- [Available data]
-*-
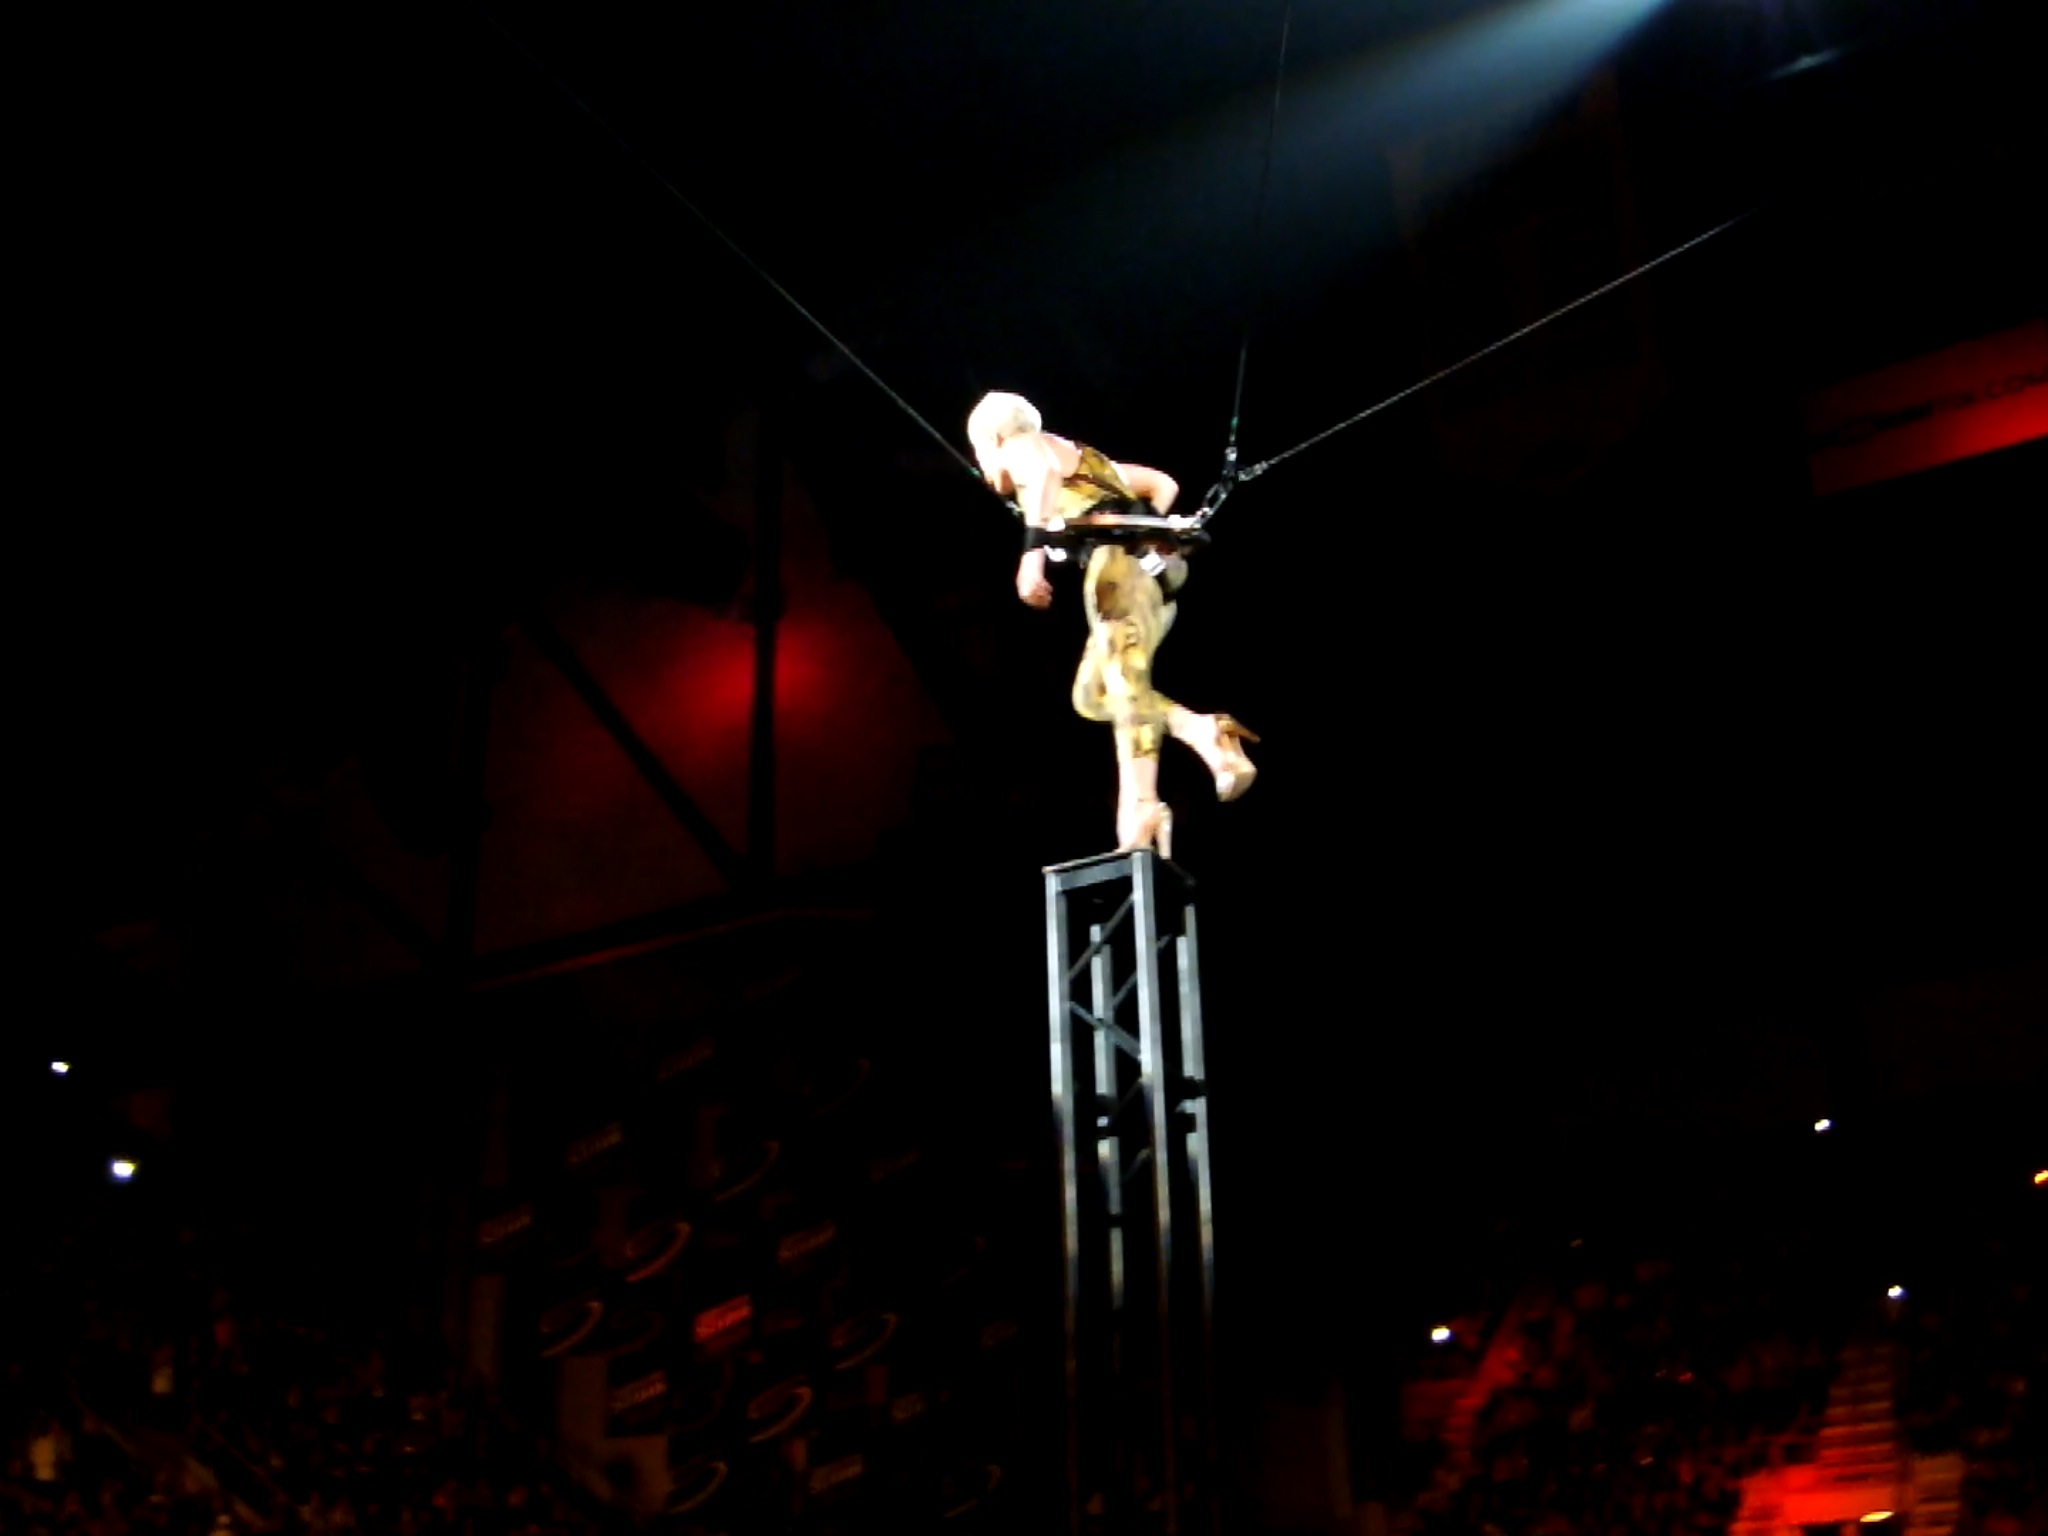 a performer is on a tight rope above a crowd
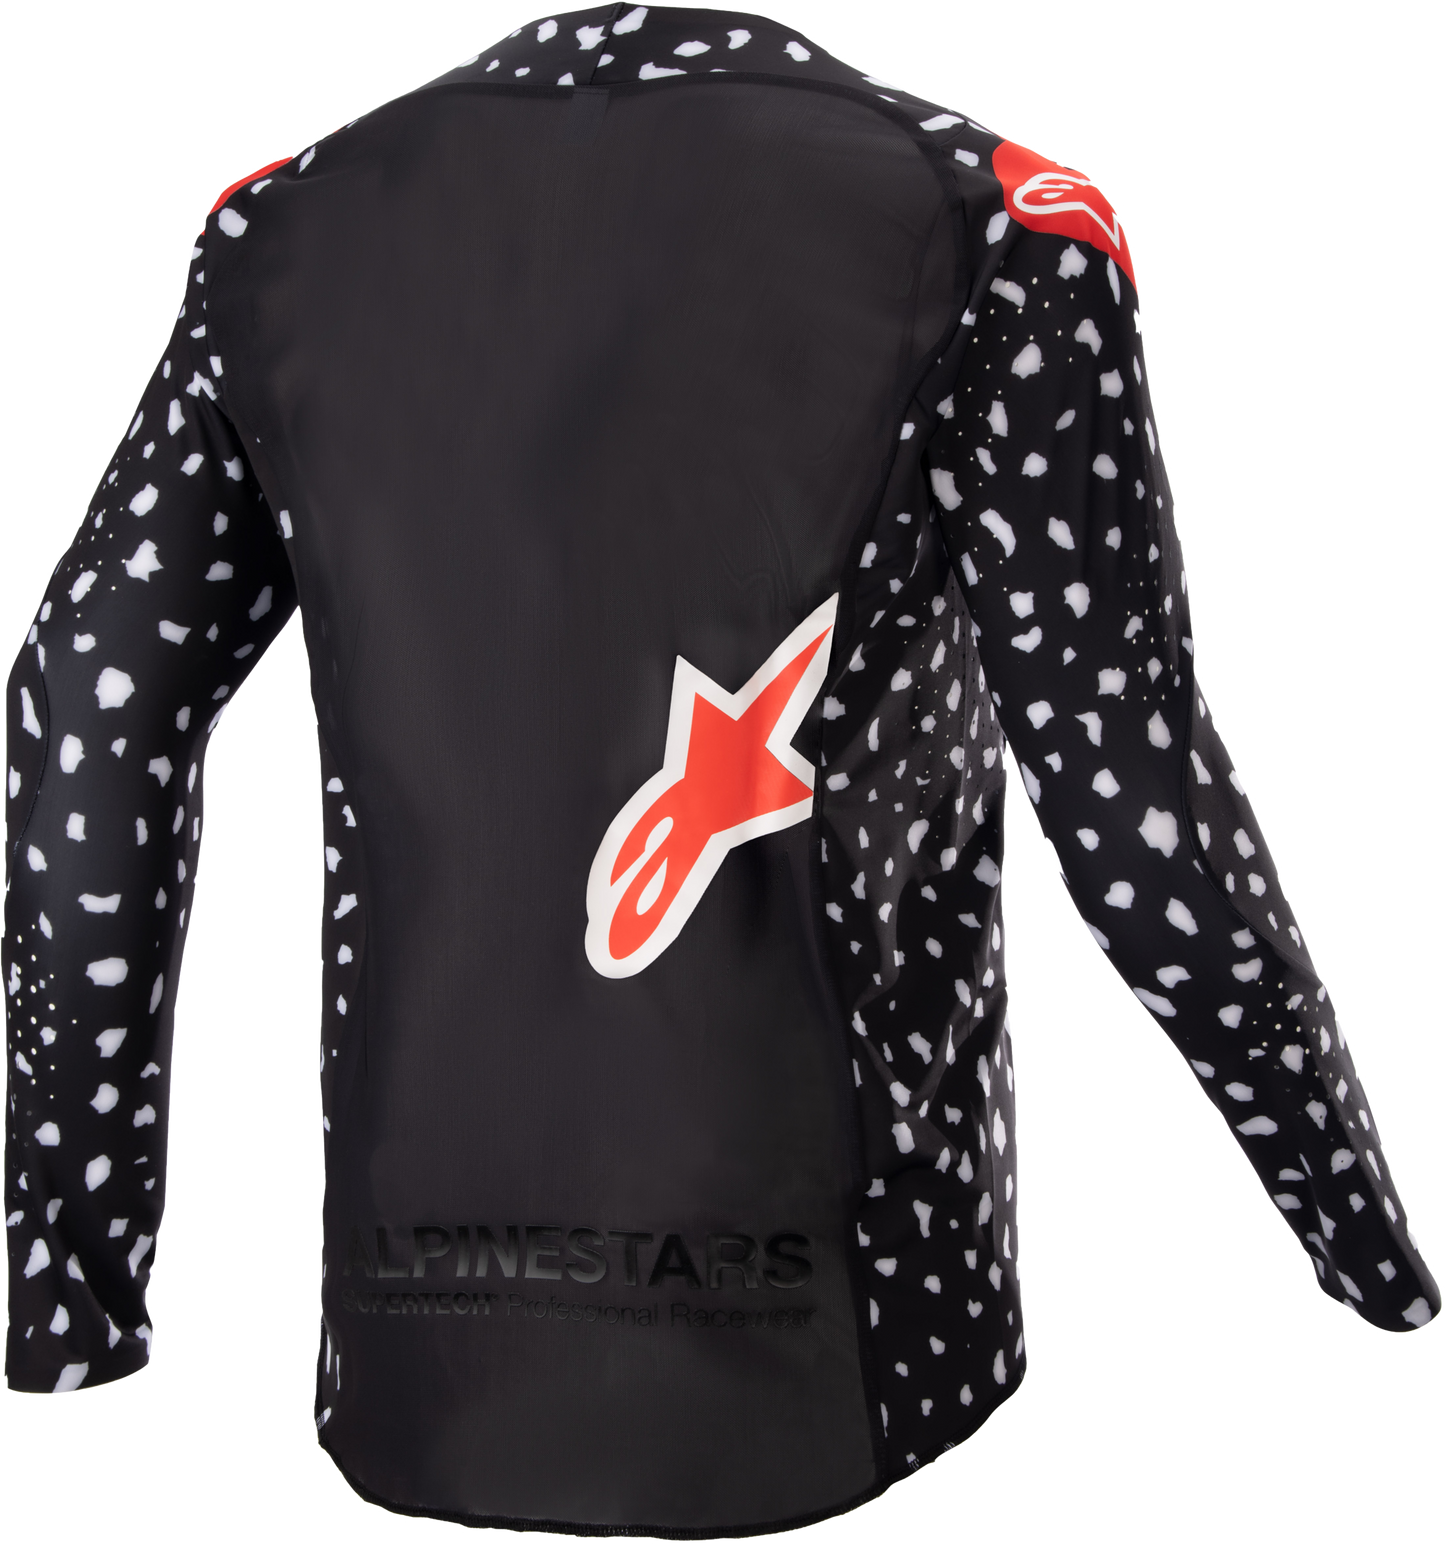 YOUTH RACER NORTH JERSEY BLACK/NEON RED
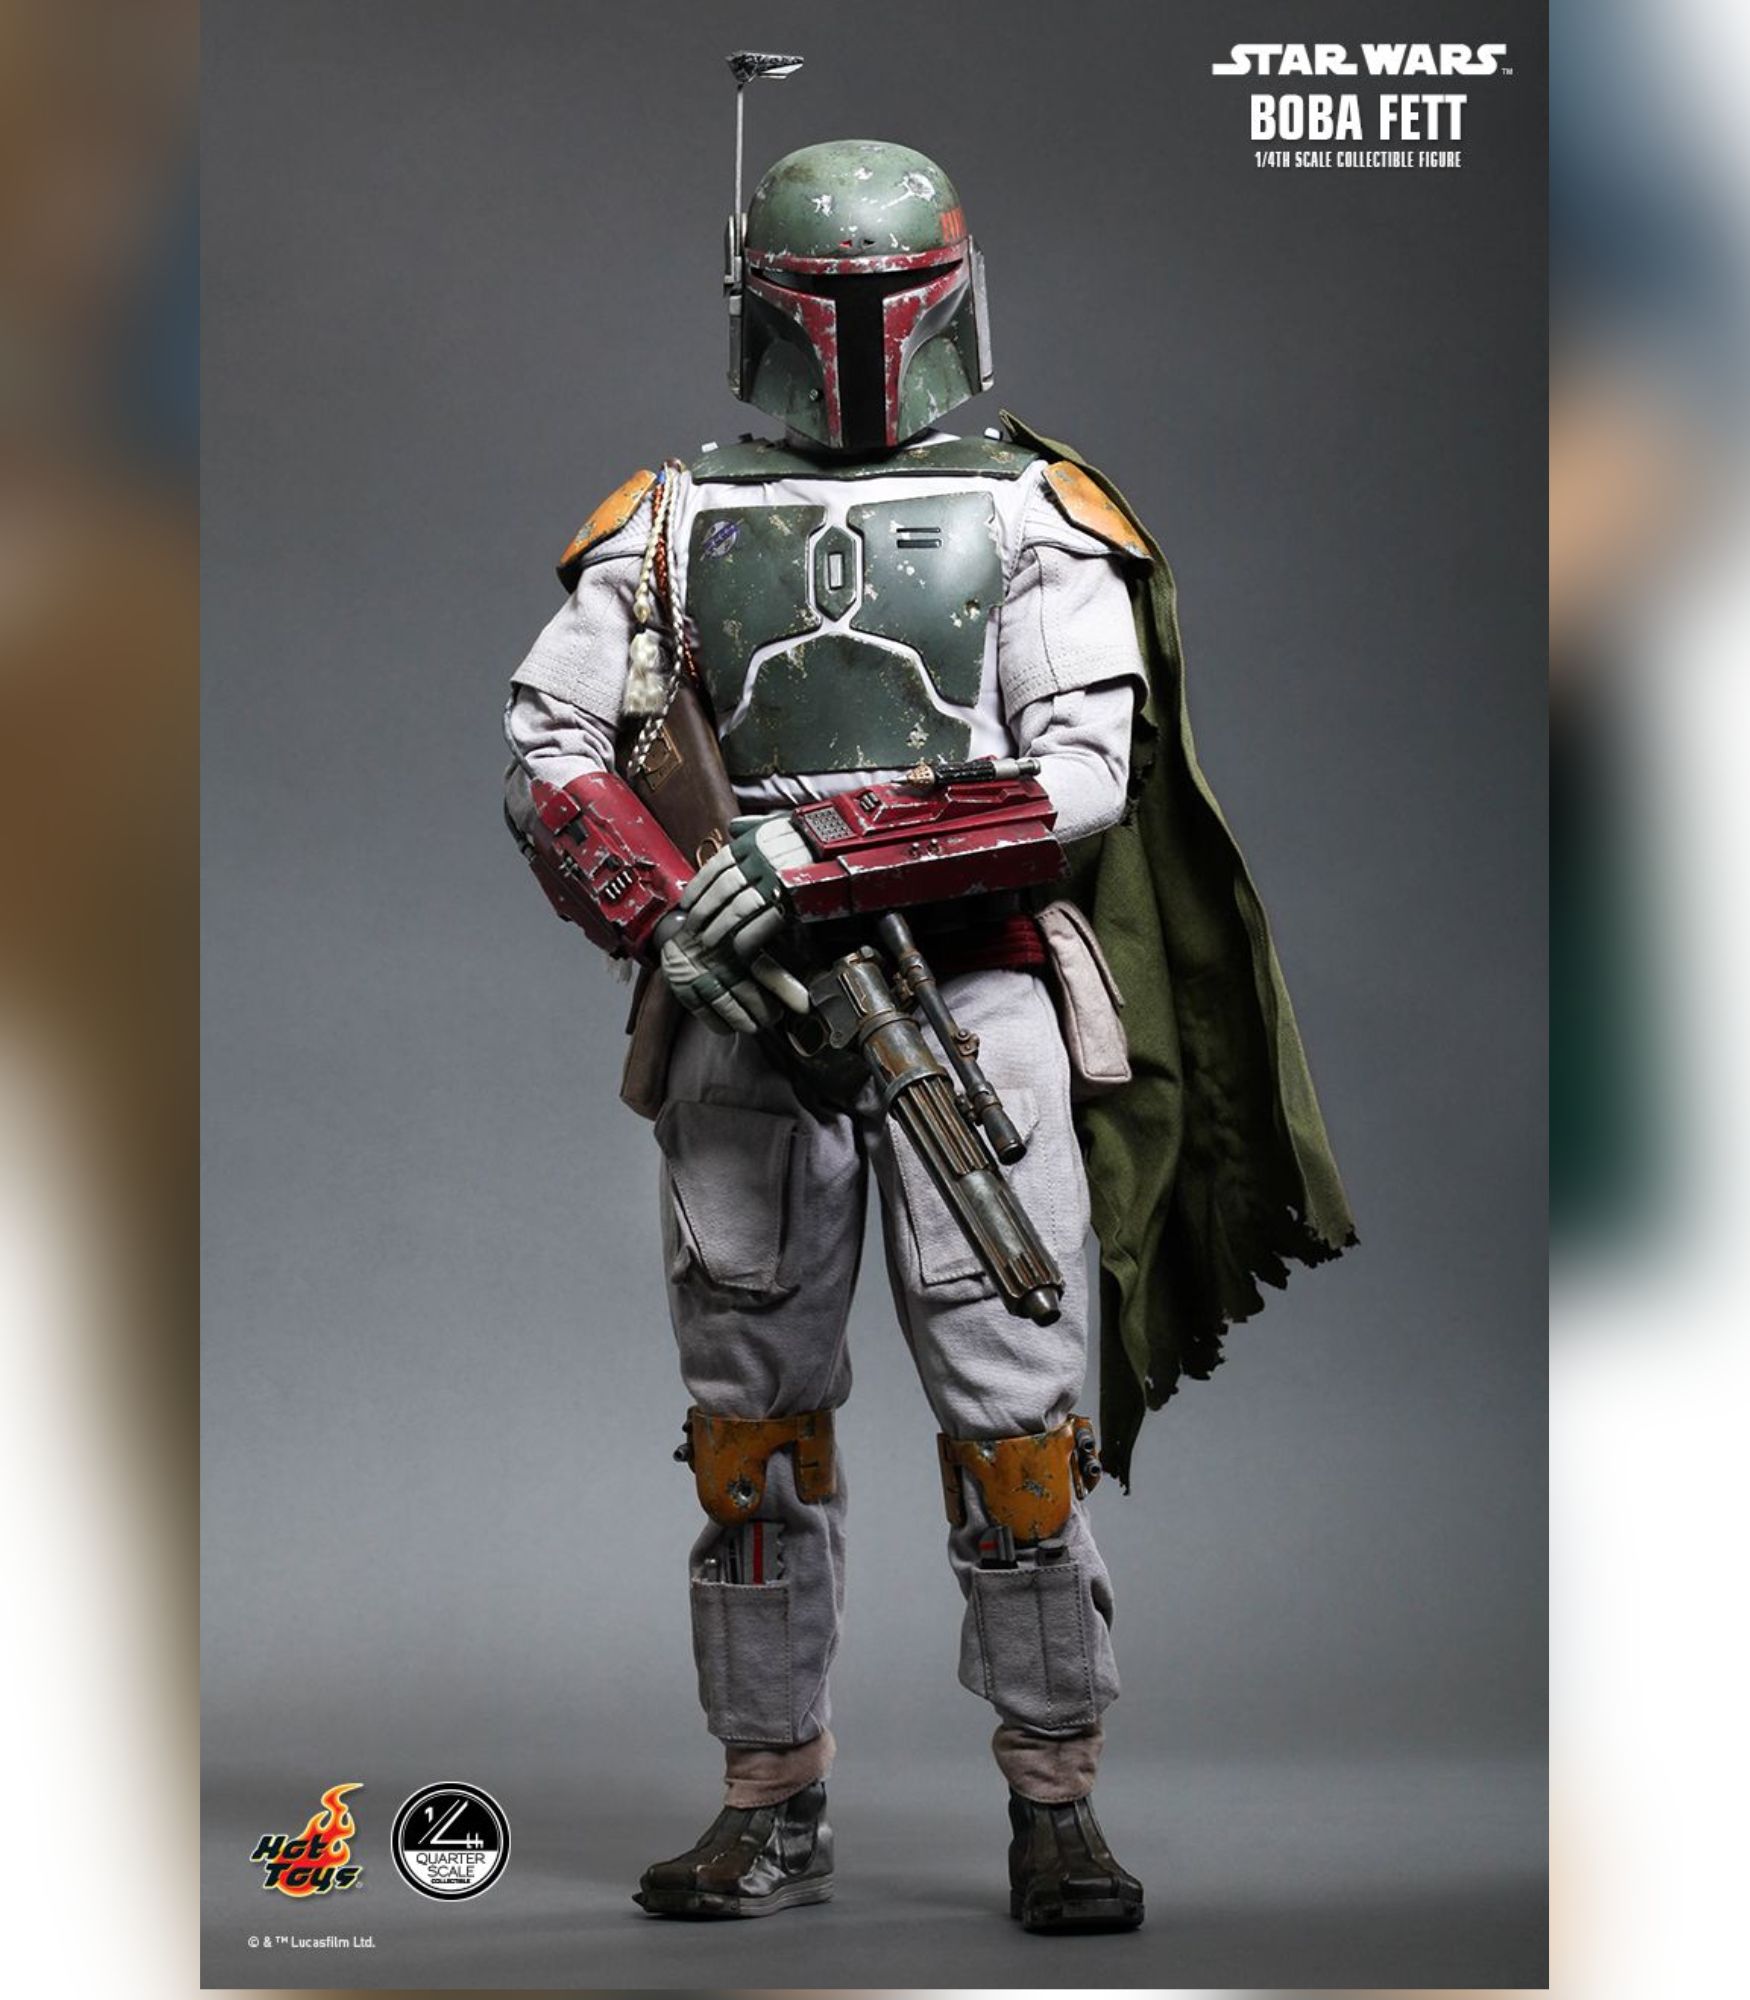 A fighter with a gun and a Boba Fett in Star Wars
-*-
- [Directions for this task] Extract word for word every line from the line that contains "YOUTH RACER NORTH JERSEY BLACK/NEON RED" to the final line of the data, both included, and nothing else; skip the pictures.

- [Exercise output]
 YOUTH RACER NORTH JERSEY BLACK/NEON RED
 A fighter with a gun and a Boba Fett in Star Wars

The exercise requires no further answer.